» WHAT YOU SHOULD DO
Among the entries below, copy only the span from the line containing "Composition du bureau" through the line containing "Prada Exotic leathers handbag for sale". Do so exactly, and skip the pictures.

» STUDY MATERIAL
↓

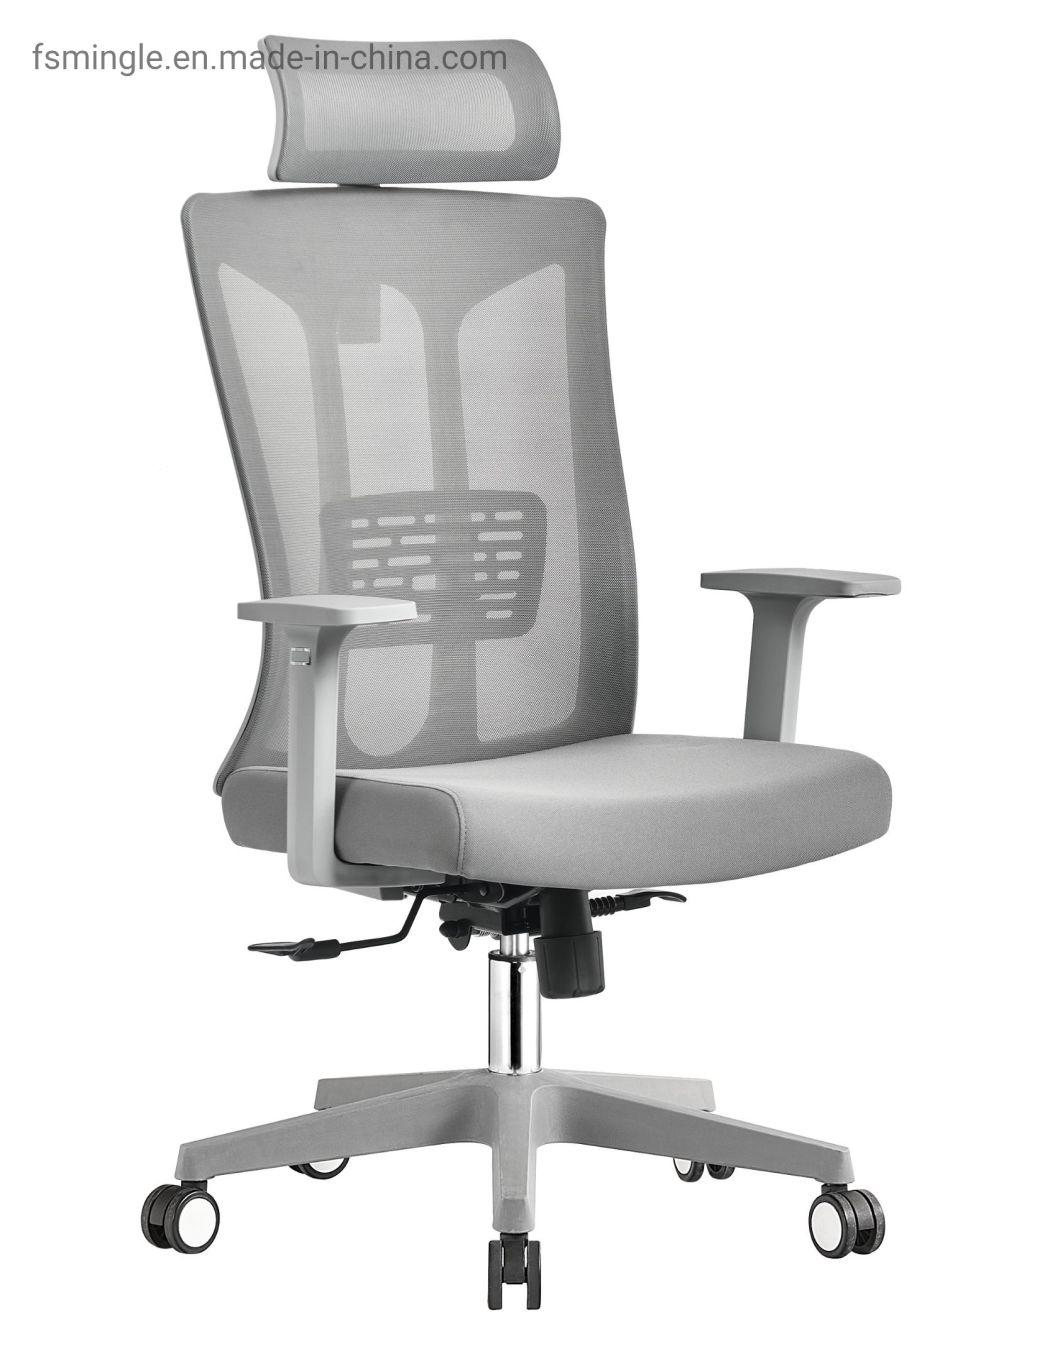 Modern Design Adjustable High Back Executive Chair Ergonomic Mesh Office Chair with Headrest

↑
↓

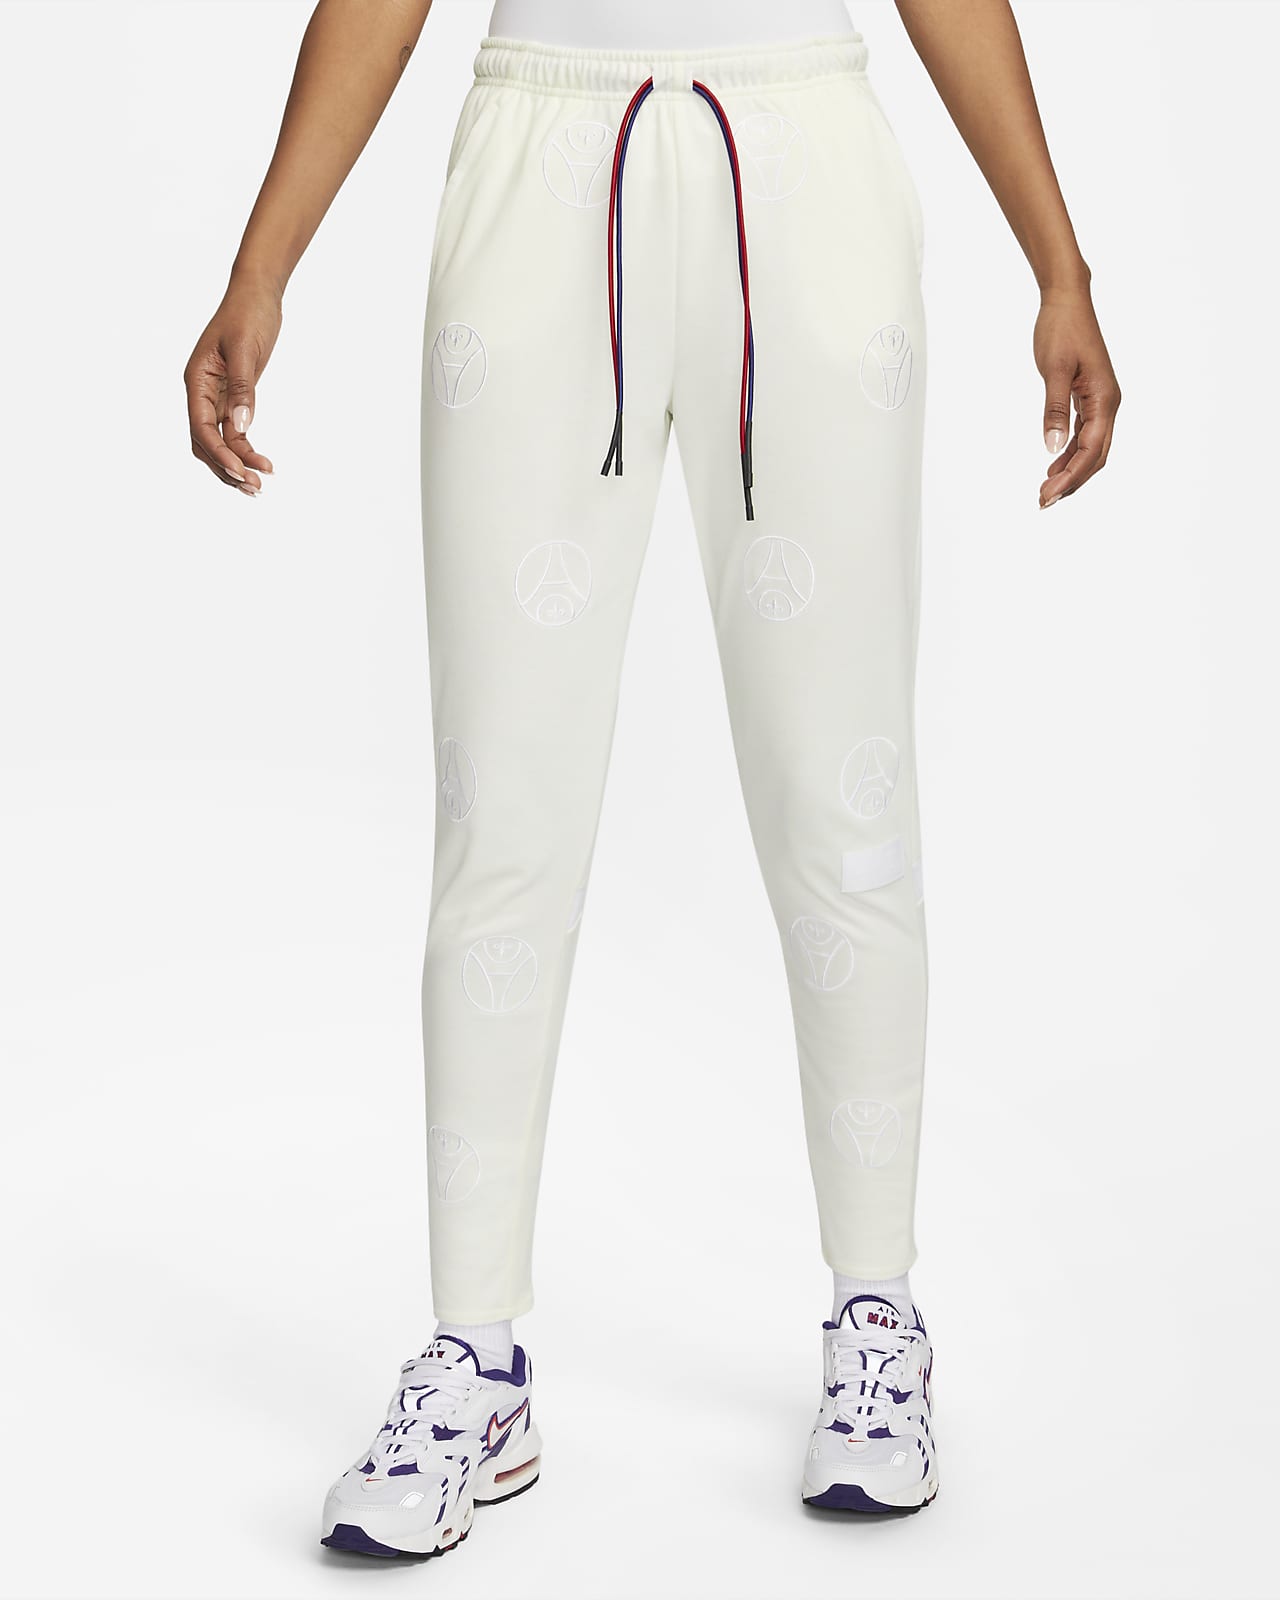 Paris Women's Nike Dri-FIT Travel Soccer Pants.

↑
↓

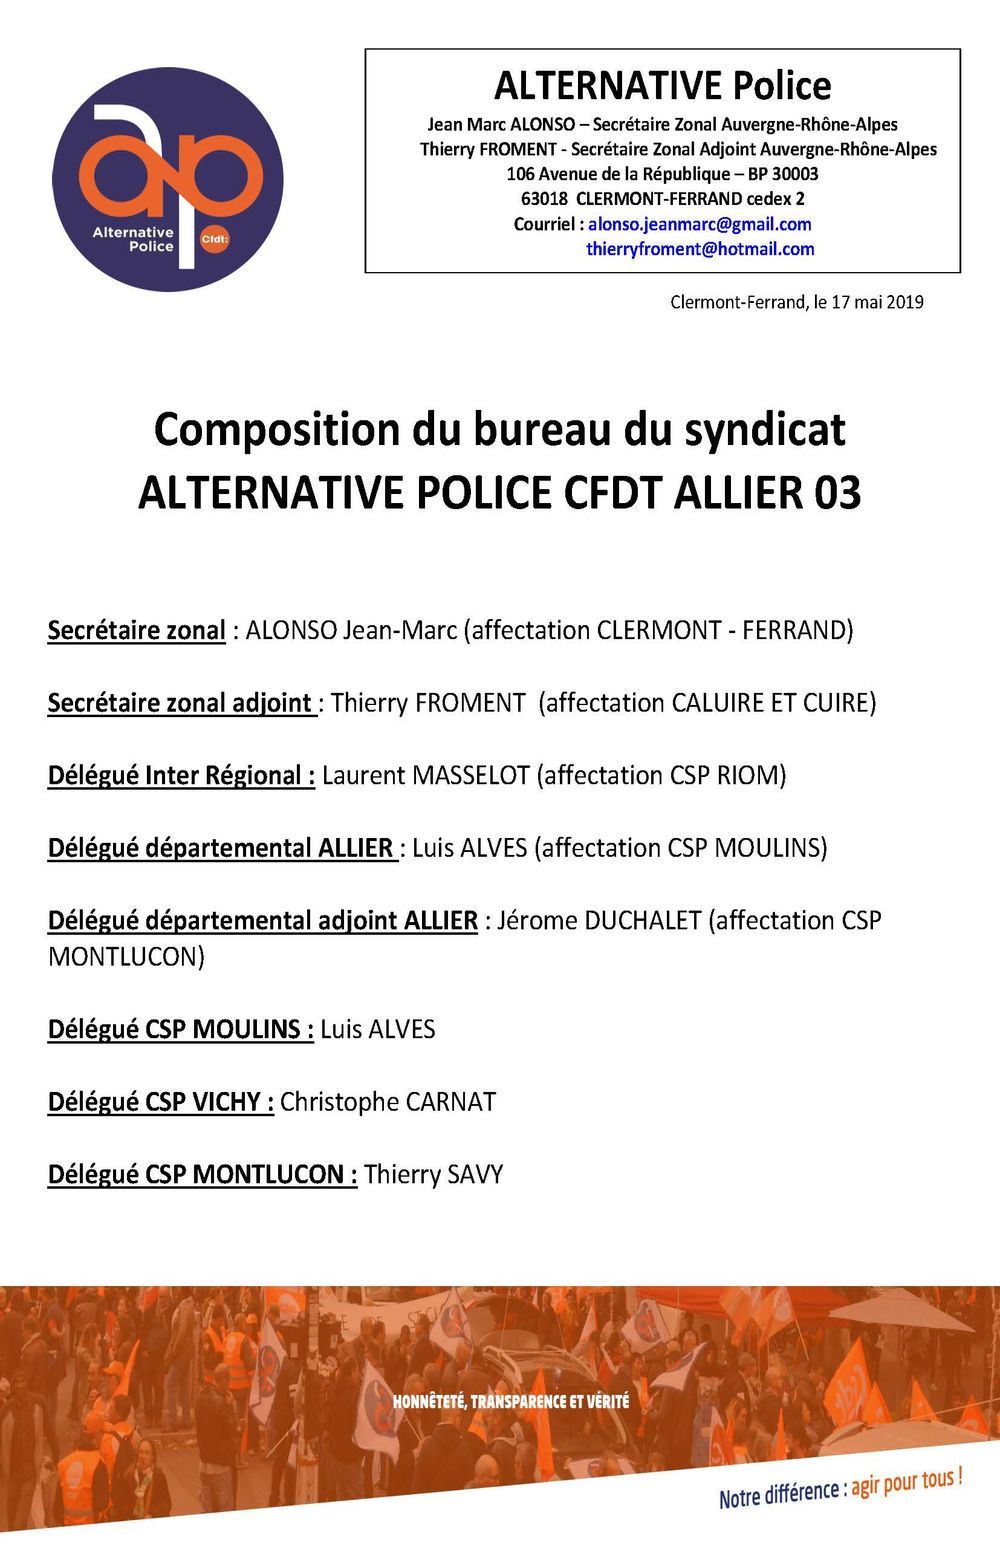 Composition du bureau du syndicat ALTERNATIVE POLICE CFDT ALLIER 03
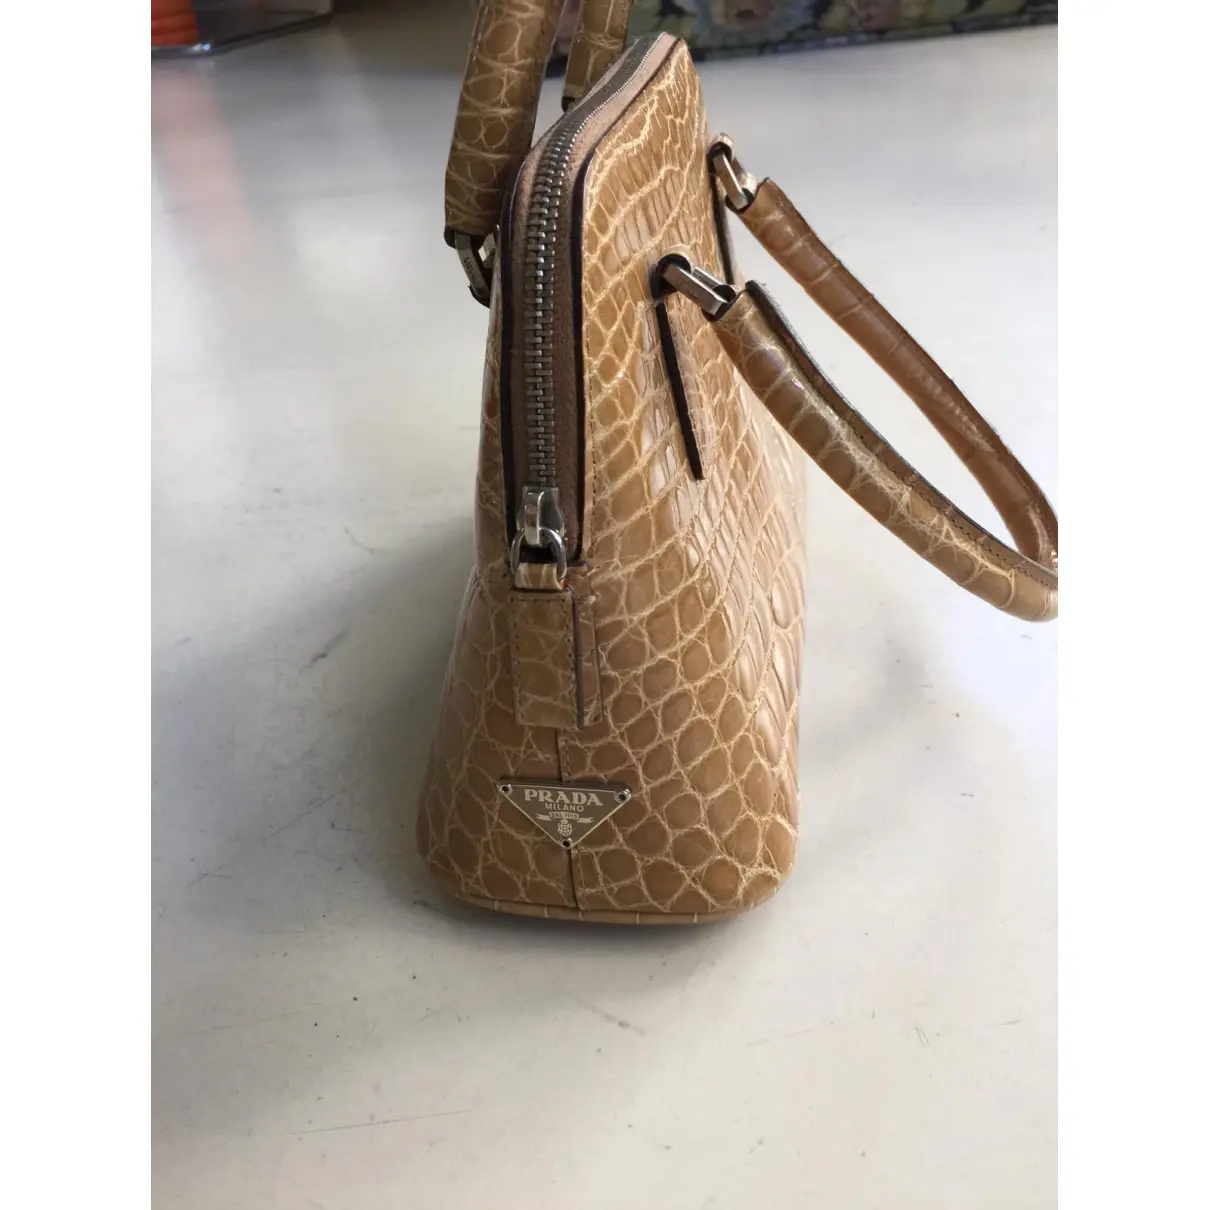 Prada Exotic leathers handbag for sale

↑

» TASK SOLUTION
 Composition du bureau du syndicat ALTERNATIVE POLICE CFDT ALLIER 03
 Prada Exotic leathers handbag for sale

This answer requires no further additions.